Карл Брюллов
Шрифт:
Италия стала страной обетованной не для одного поколения европейских и русских писателей и художников. А уж после «Коринны» — и благодаря ей — создается в Европе подлинный культ Италии. Почитатель де Сталь, поэт Ламартин, едет по следам Коринны и Освальда. Для тогдашних французских романтиков — Мюссе, Гюго, Жорж Санд, Бальзака — Италия излюбленный фон поэм, романов, новелл. Италия завораживала Байрона и Шелли, проживших в ней много лет. Она неудержимо влекла Гете, Гейне, Гете признавался, что «после утраты римского счастья» у него возникло равнодушие ко всему на свете, а на самом склоне своей долгой жизни он не сдержит восклицания: «Вспомнить только, что я ощущал в Риме! Нет, никогда больше уже не был я счастлив!» Русские — писатели Батюшков, Баратынский, Веневитинов, Гоголь, Тютчев, художники Кипренский, Гальберг, Щедрин, Иванов, Брюллов — относились к Италии как к «прекрасному далеко», единственному месту, где вдали от душной петербургской атмосферы можно творить. Рвался туда и Пушкин, но его мечта так и не сбылась. Все они могли бы подписаться под этим гимном Италии, что произнесла Коринна на Капитолии: «Италия, страна
Сама природа Италии располагала к творческому состоянию. Кажется, солнце здесь любит землю и людей больше, чем где бы то ни было. Особенный, прозрачный, «транспарантный», по выражению Гоголя, воздух придает всему радостный, сверкающий колорит. «Здесь гению привольно, — пишет де Сталь, — сама природа полна тихой задумчивости; если он встревожен, она успокаивает его; если он грустит о несбывшихся мечтаниях, она раскрывает ему свои объятия…» Все приверженцы Италии говорят и о том великом воздействии, которое оказывает на фоне этой природы искусство Италии. Оно не подавляет, не рождает чувства ничтожности перед своим величием, а, напротив, создает настроение возвышенное, хоть и с примесью печали, зовет к размышлению, пробуждает творческие силы. И еще одно чрезвычайно важное обстоятельство влекло многих европейцев тех лет в Италию. Там, в недрах общества, зрело, развивалось, ширилось освободительное движение. Порывы народа к свободе не могли не влечь благородные сердца. Приобщение к высоким идеалам оказывало воздействие и на чужеземцев. Байрон признавался, что в своем итальянском изгнании он обрел «более чистый воздух», способствующий свободе и независимости слов и поступков.

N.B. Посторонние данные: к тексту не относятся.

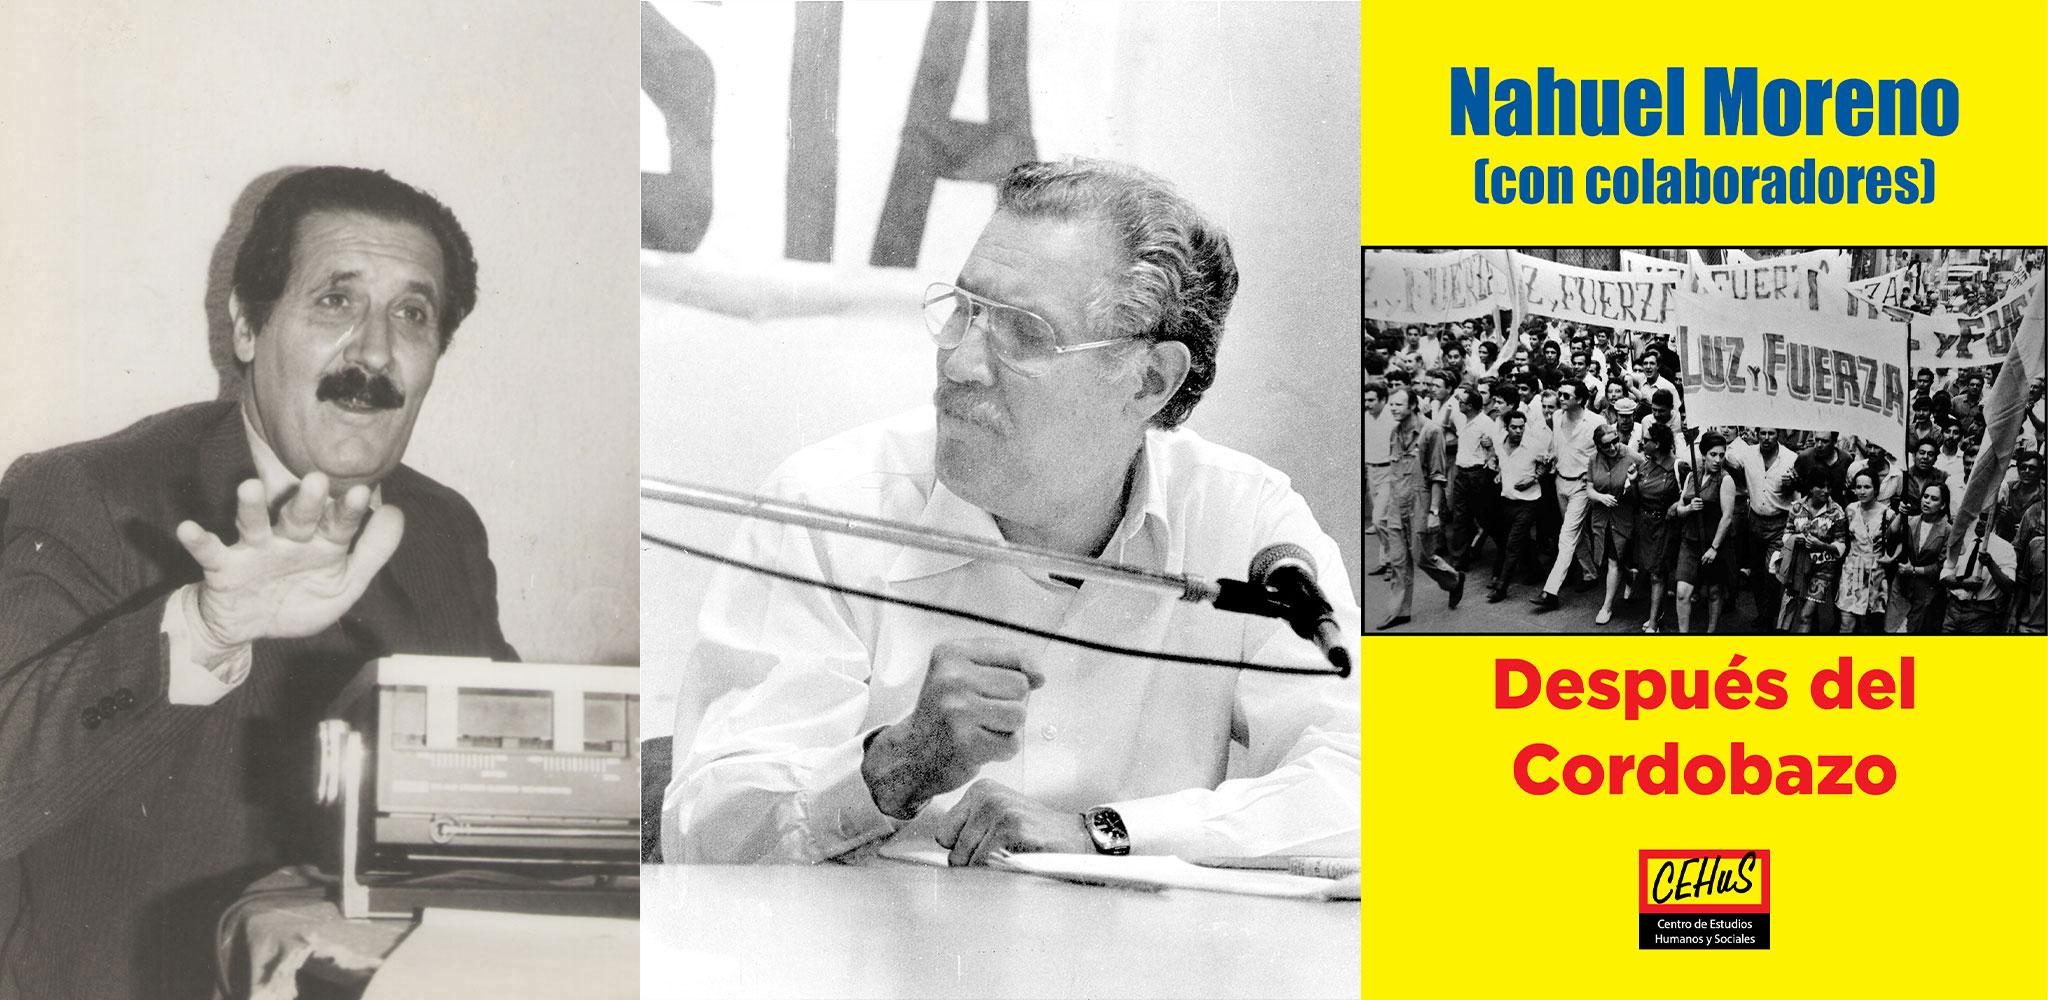 DESPUÉS DEL CORDOBAZO (1969-1975)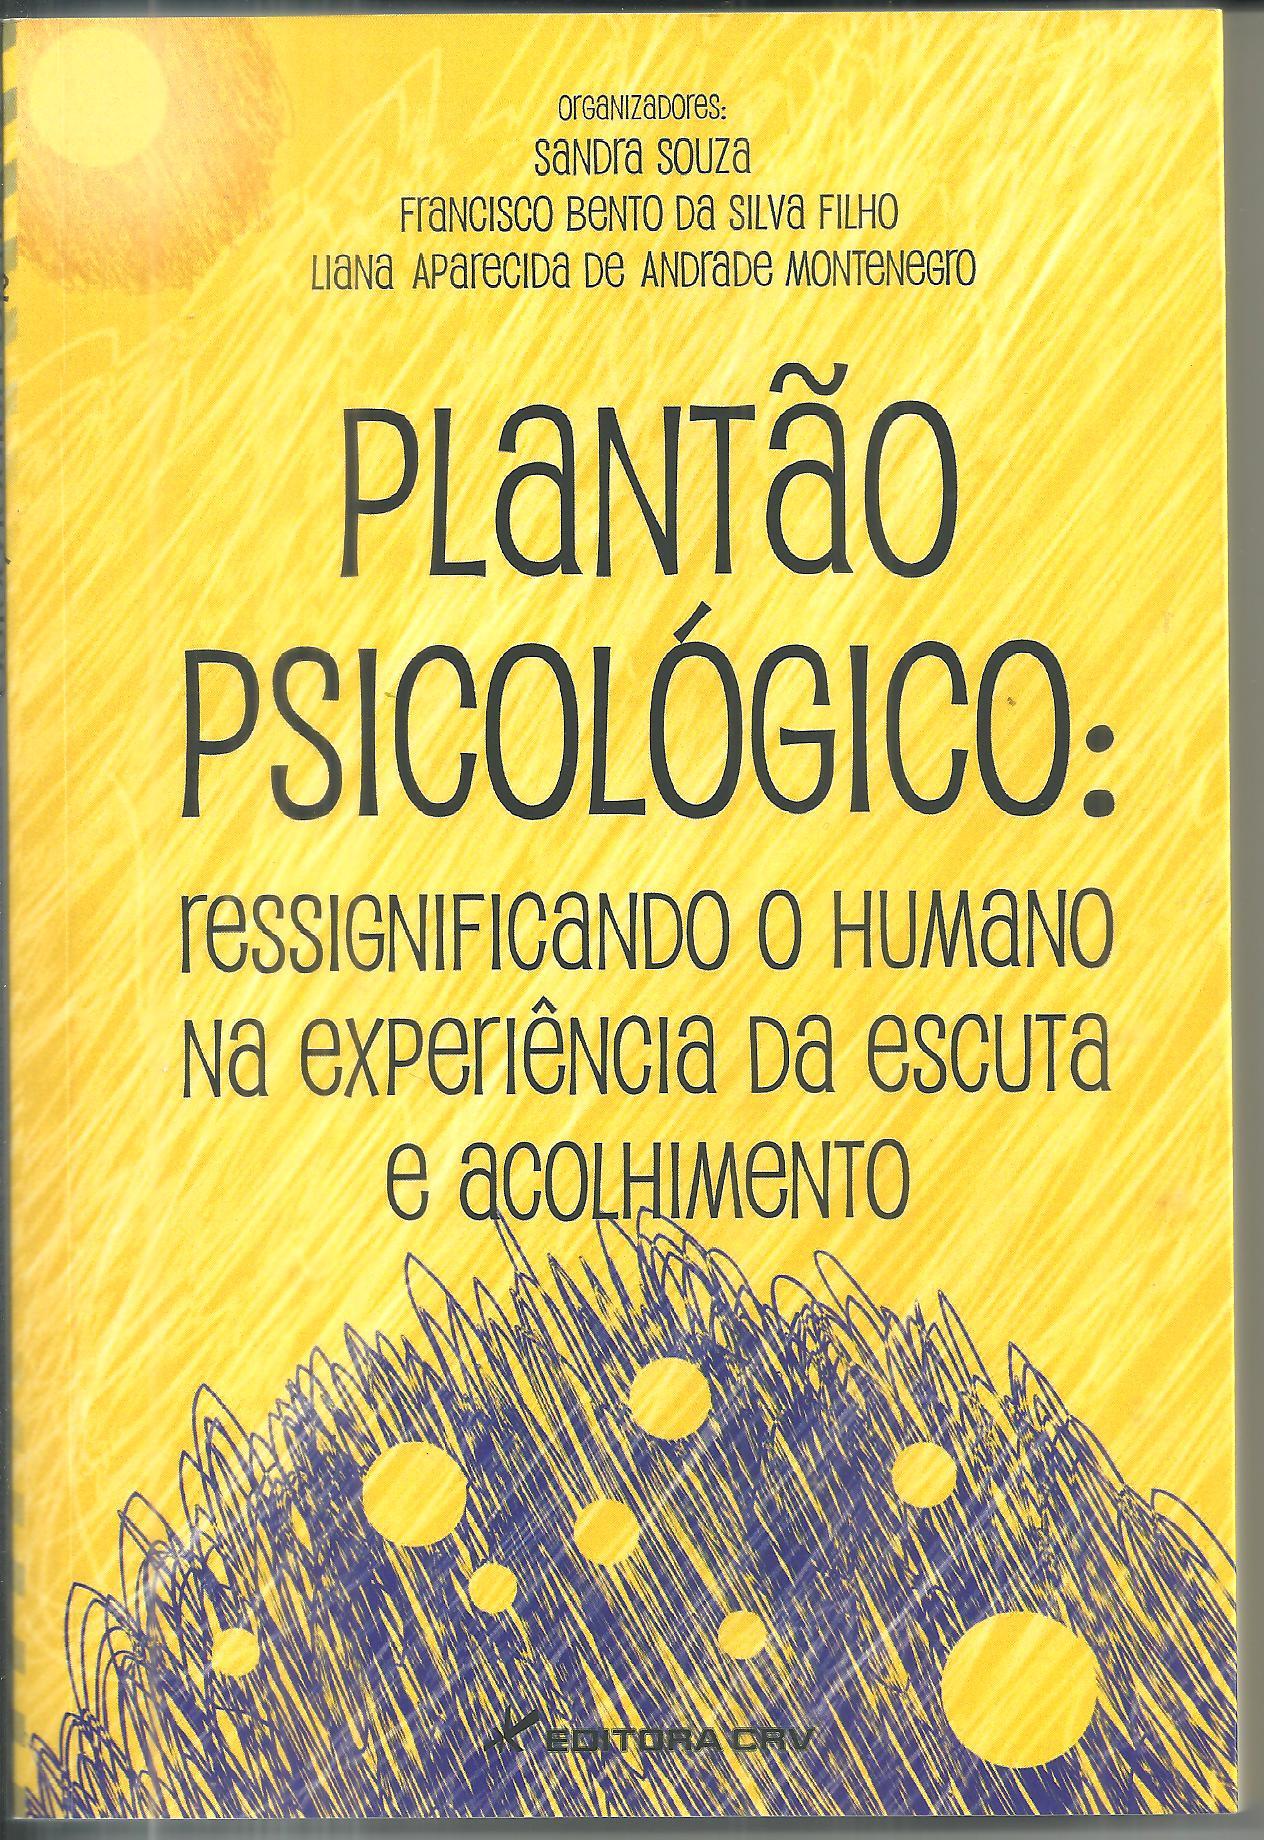 PLANTÃO PSICOLÓGICO: RESSIGNIFICANDO O HUMANO NA EXPERIÊNCIA DA ESCUTA E ACOLHIMENTO

Для прибывших в Рим иноземных художников великое искусство Италии было школой, недосягаемым образцом, своего рода — присутствием божества, при котором стыдно совершить скверный поступок. «В Риме стыдишься произвести что-нибудь обыкновенное, — пишет Карл Брюллов, — посему всякий художник, желая усовершенствовать свою работу, строго разбирает мастерские произведения, отыскивает причины достоинств их, соображаясь с натурой…» И еще одно интересное признание: «Да, нужно было их всех проследить, запомнить все их хорошее и откинуть все дурное, надо было много вынести на плечах; надо было пережевать 400 лет успехов живописи, дабы создать что-нибудь достойное нынешнего требовательного века. Для написания „Помпеи“ мне еще мало было таланта, мне нужно было пристально вглядеться в великих мастеров».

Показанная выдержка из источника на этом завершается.